Definition of Bigdata
Any data that is hard to handle using conventional tools and techniques is Bigdata.
- If you just want to find a number of rows, number of columns or what an average of a particular column is; then you load the file and find the average or find the number of loads.
- But if you use the same technique on a bigger dataset, then it won’t work.
- Thus, any dataset that is hard to handle using conventional tools and techniques is called big data.
Bigdata
Any data that is difficult to:
- Capture
- Curate
- Store
- Search
- Transfer
- Analyze
- To create visualizations
Bigdata is
- Data that so large and complex that it becomes difficult to process using on-hand database management tools or traditional data processing applications.
- Big Data is the data whose scale, diversity, and complexity require new architecture, techniques, tools, algorithms, and hardware to manage it and extract value and hidden knowledge from it.
Bigdata is not just about size
- Volume:
- Data volumes are becoming unmanageable.
- Variety:
- Text Data (Web), Numerical, Images, Audio, Video, Social Network, Semantic Web (RDF), Semi-Structured Data (XML), Multi-Dimensional Arrays, etc.
- Social Networking Sites data
- Text Data (Web), Numerical, Images, Audio, Video, Social Network, Semantic Web (RDF), Semi-Structured Data (XML), Multi-Dimensional Arrays, etc.
- Velocity:
- Some data is arriving so rapidly, that it must either be processed instantly, or lost.
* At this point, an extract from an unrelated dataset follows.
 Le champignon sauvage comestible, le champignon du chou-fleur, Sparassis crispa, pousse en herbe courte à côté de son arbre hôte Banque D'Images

This is a whole subfield called stream processing.
- E-commerce data
- Stock exchange data
- Some data is arriving so rapidly, that it must either be processed instantly, or lost. This is a whole subfield called stream processing.
Some examples of Bigdata
- Stock exchange transactions data
- Voice clips data
- Video clips data
- Social network data
- Smart phone generated data
- Weblog data
- E-commerce customer data
What can be done with Bigdata?
Uses of Bigdata Analysis
- Ford:
- Collects the data from more than 4,000,000 vehicles using sensors.
- Thus, from these sensors, they collect much of data every day; whenever the vehicle is in active position.
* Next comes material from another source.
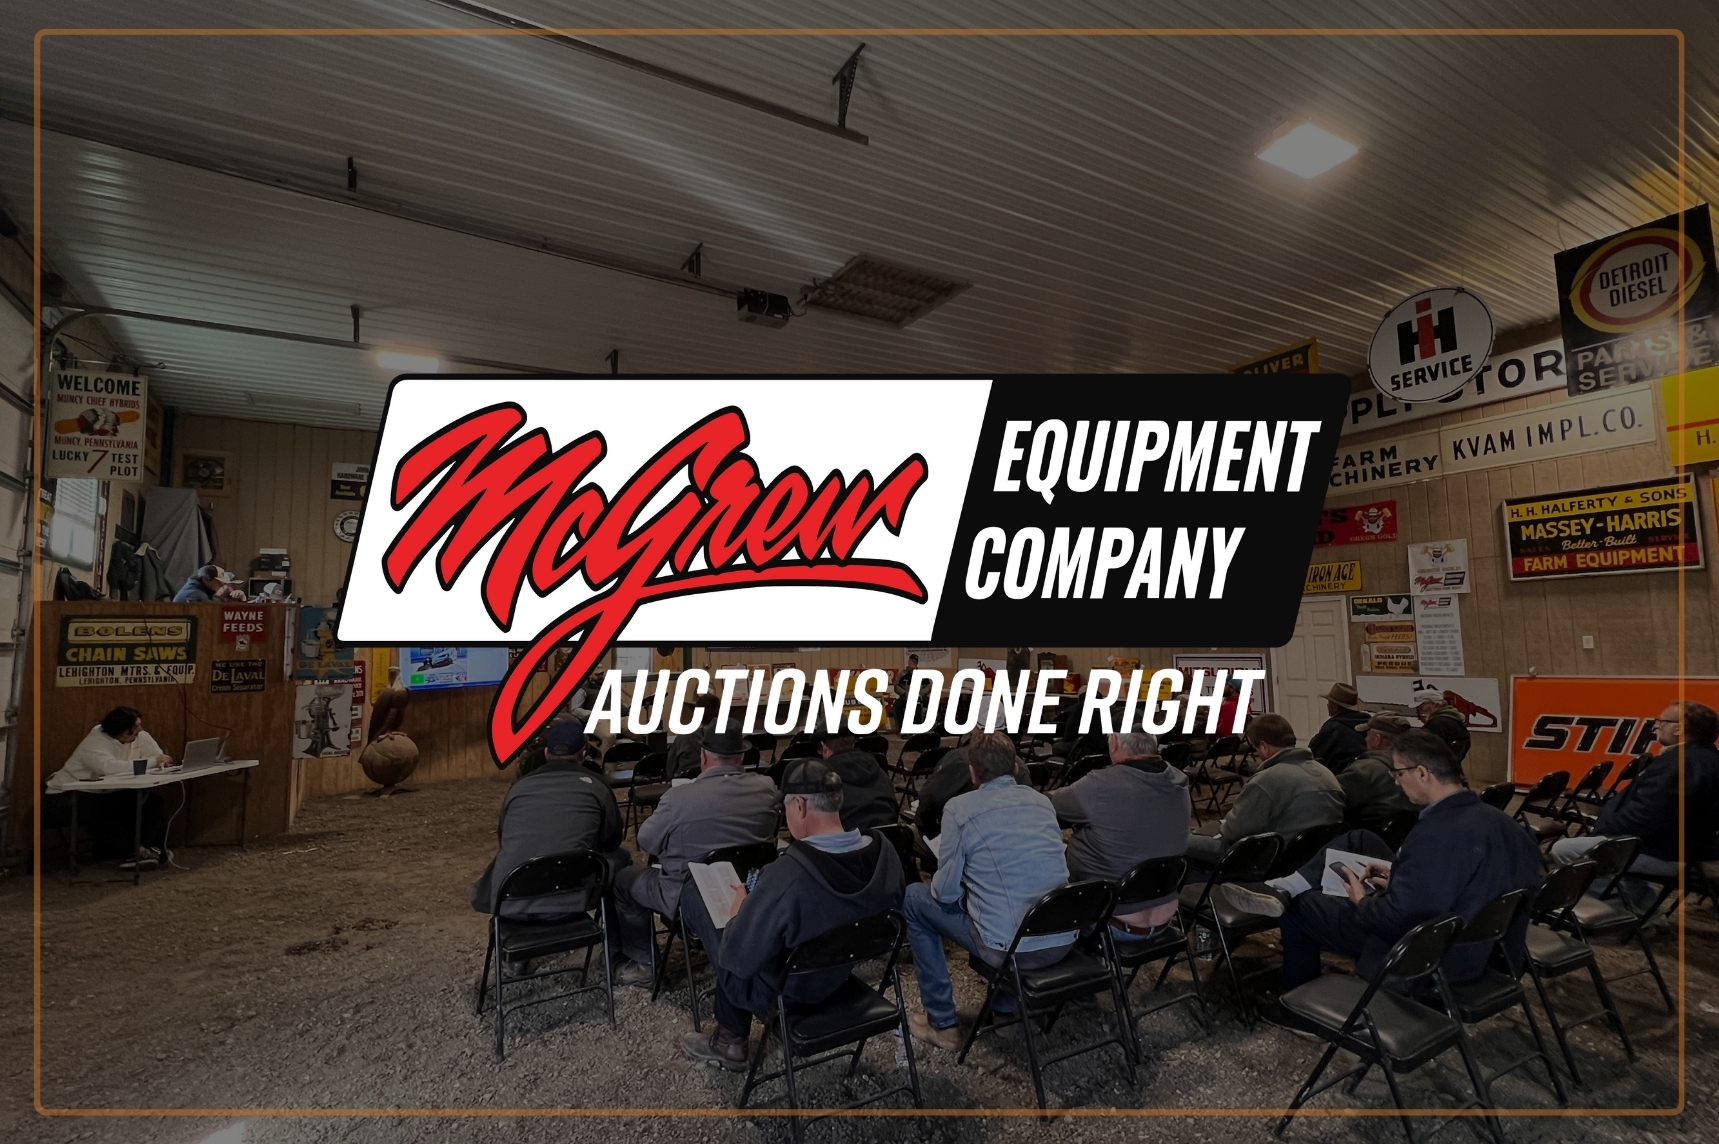 McGrew Equipment's Live ONSITE Auction

- The sensors are sending much of data to Ford servers.
- They are analyzing the sensor data to improve quality of vehicles and to reduce the fatal accidents.
- Amazon:
- Collects millions of users click stream and product search log data thus as soon as you buy first, second or third product then the 4th product that is going to appear in the recommendations is most likely to be the one that you are looking for.
- Used for improving product recommendation engine.
- AT&T:
- They’re collecting lots of signal data from the telecom mobile users, based on that they’re giving that data to traffic police, so that they can plan the traffic.
- Collects data from millions of customers.
- Analyzes the cell tower network usage data and helps the urban planners and traffic engineers, thus even traffic engineers are using it for the well planning of the traffic or routing.
- Walmart:
- One of the largest civilian data warehouse in the world.
- They get a lot of data from their users, based on that, they come up with a lot of interesting relations and market basket analysis.
- Market Basket Analysis crunches the data and finds out various hidden patterns like what do hurricanes, strawberry and beer have in common.